Multimodal data curation via interoperability: use cases with the Medical Imaging and Data Resource Center.
Authors
Affiliations (10)
Affiliations (10)
- Division of Imaging, Diagnostics, and Software Reliability, Office of Science and Engineering Laboratories, CDRH, US FDA, Silver Spring, MD, USA. [email protected].
- Department of Radiology, University of Chicago, Chicago, IL, USA. [email protected].
- Division of Imaging, Diagnostics, and Software Reliability, Office of Science and Engineering Laboratories, CDRH, US FDA, Silver Spring, MD, USA.
- Center for Translational Data Science, University of Chicago, Chicago, IL, USA.
- Department of Radiology, University of Chicago, Chicago, IL, USA.
- National Institute of Biomedical Imaging and Bioengineering, National Institutes of Health, Bethesda, MD, USA.
- Department of Medicine, University of California, San Diego, CA, USA.
- Department of Public Health Sciences, University of Chicago, Chicago, IL, USA.
- Department of Radiology, Stanford University School of Medicine, Stanford, CA, USA.
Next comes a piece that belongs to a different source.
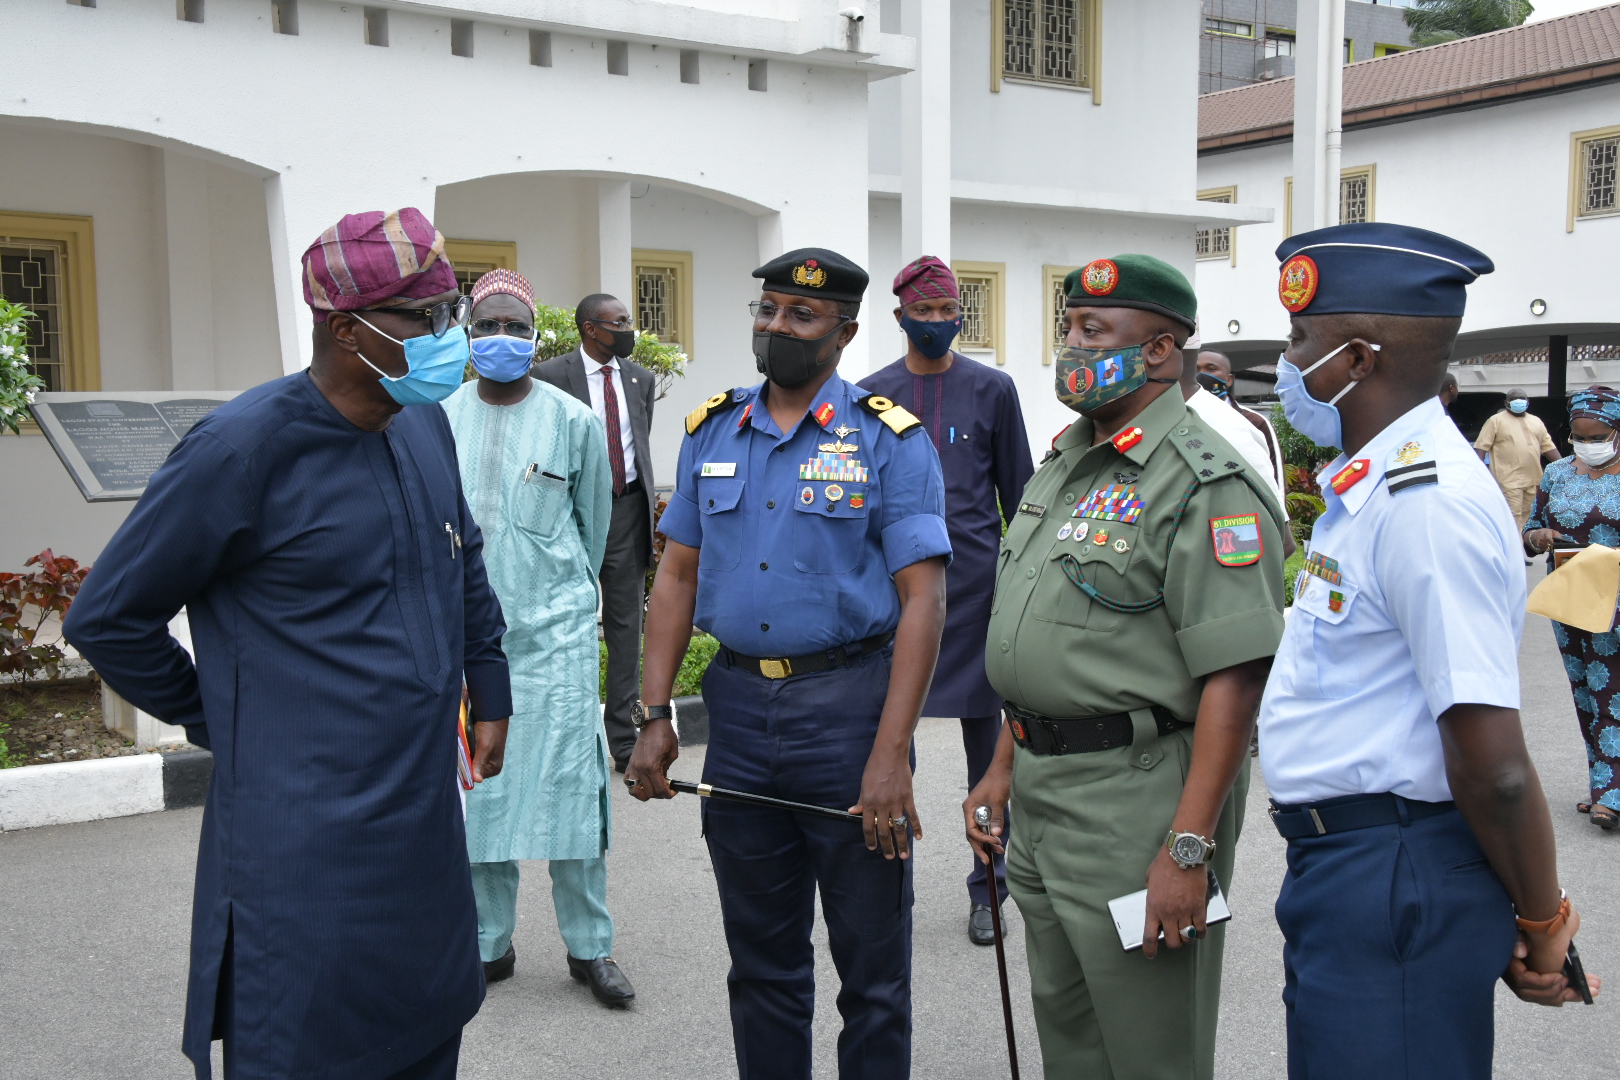 GOV. SANWO-OLU PRESIDES AT THE STATE SECURITY COUNCIL MEETING HELD AT LAGOS HOUSE, MARINA ON MONDAY, AUGUST 3 2020.
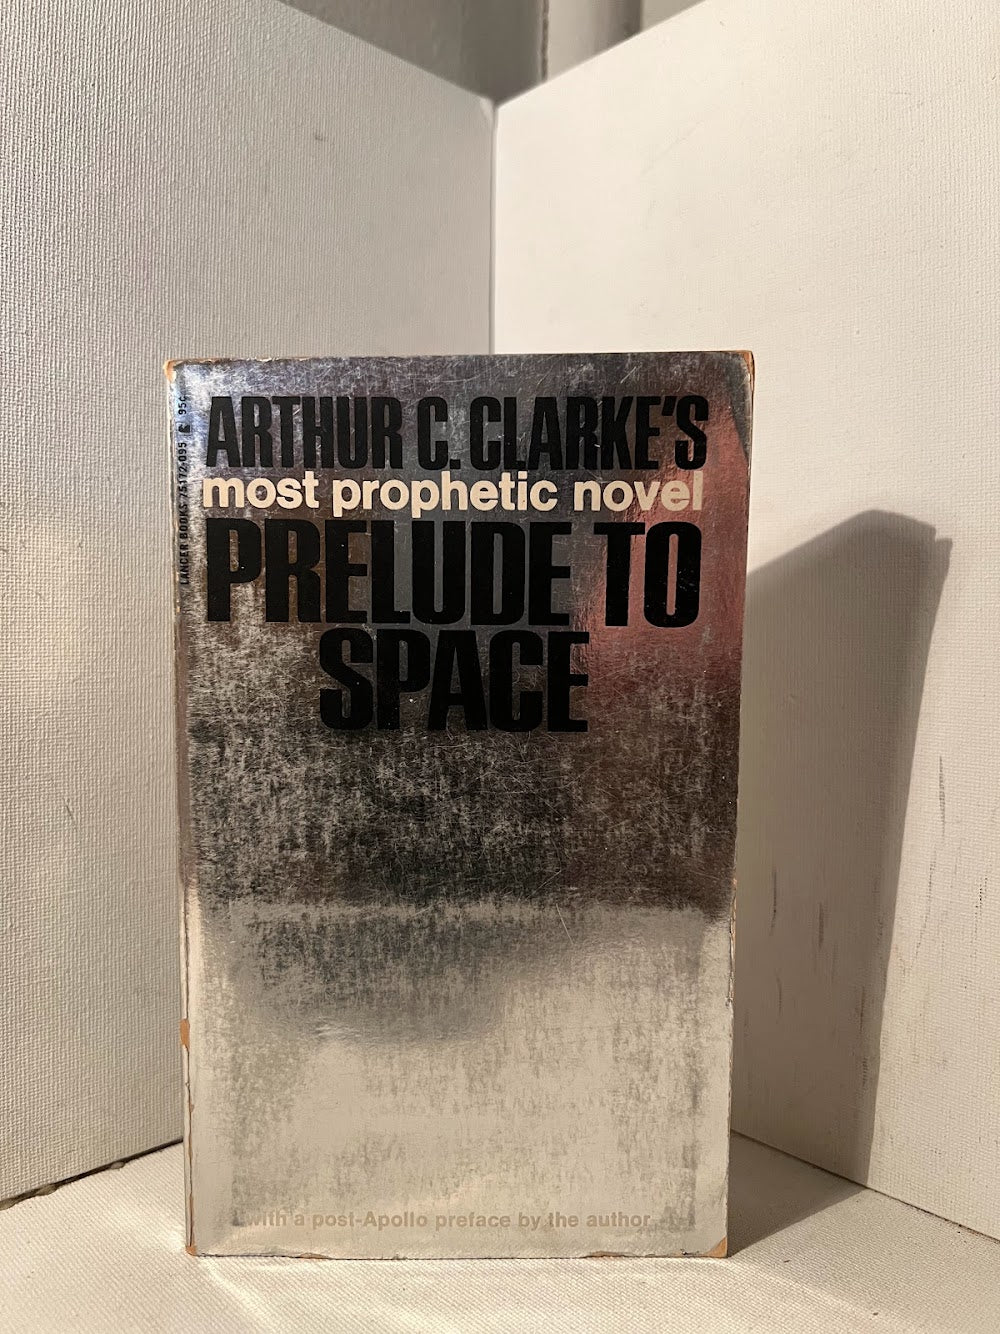 Prelude to Space by Arthur C. Clarke

- Office of the Director, National Center for Advancing Translational Sciences, National Institutes of Health, Bethesda, MD, USA.
Abstract
Interoperability (the ability of data or tools from non-cooperating resources to integrate or work together with minimal effort) is particularly important for curation of multimodal datasets from multiple data sources. The Medical Imaging and Data Resource Center (MIDRC), a multi-institutional collaborative initiative to collect, curate, and share medical imaging datasets, has made interoperability with other data commons one of its top priorities. The purpose of this study was to demonstrate the interoperability between MIDRC and two other data repositories, BioData Catalyst (BDC) and National Clinical Cohort Collaborative (N3C). Using interoperability capabilities of the data repositories, we built two cohorts for example use cases, with each containing clinical and imaging data on matched patients. The representativeness of the cohorts is characterized by comparing with CDC population statistics using the Jensen-Shannon distance. The process and methods of interoperability demonstrated in this work can be utilized by MIDRC, BDC, and N3C users to create multimodal datasets for development of artificial intelligence/machine learning models.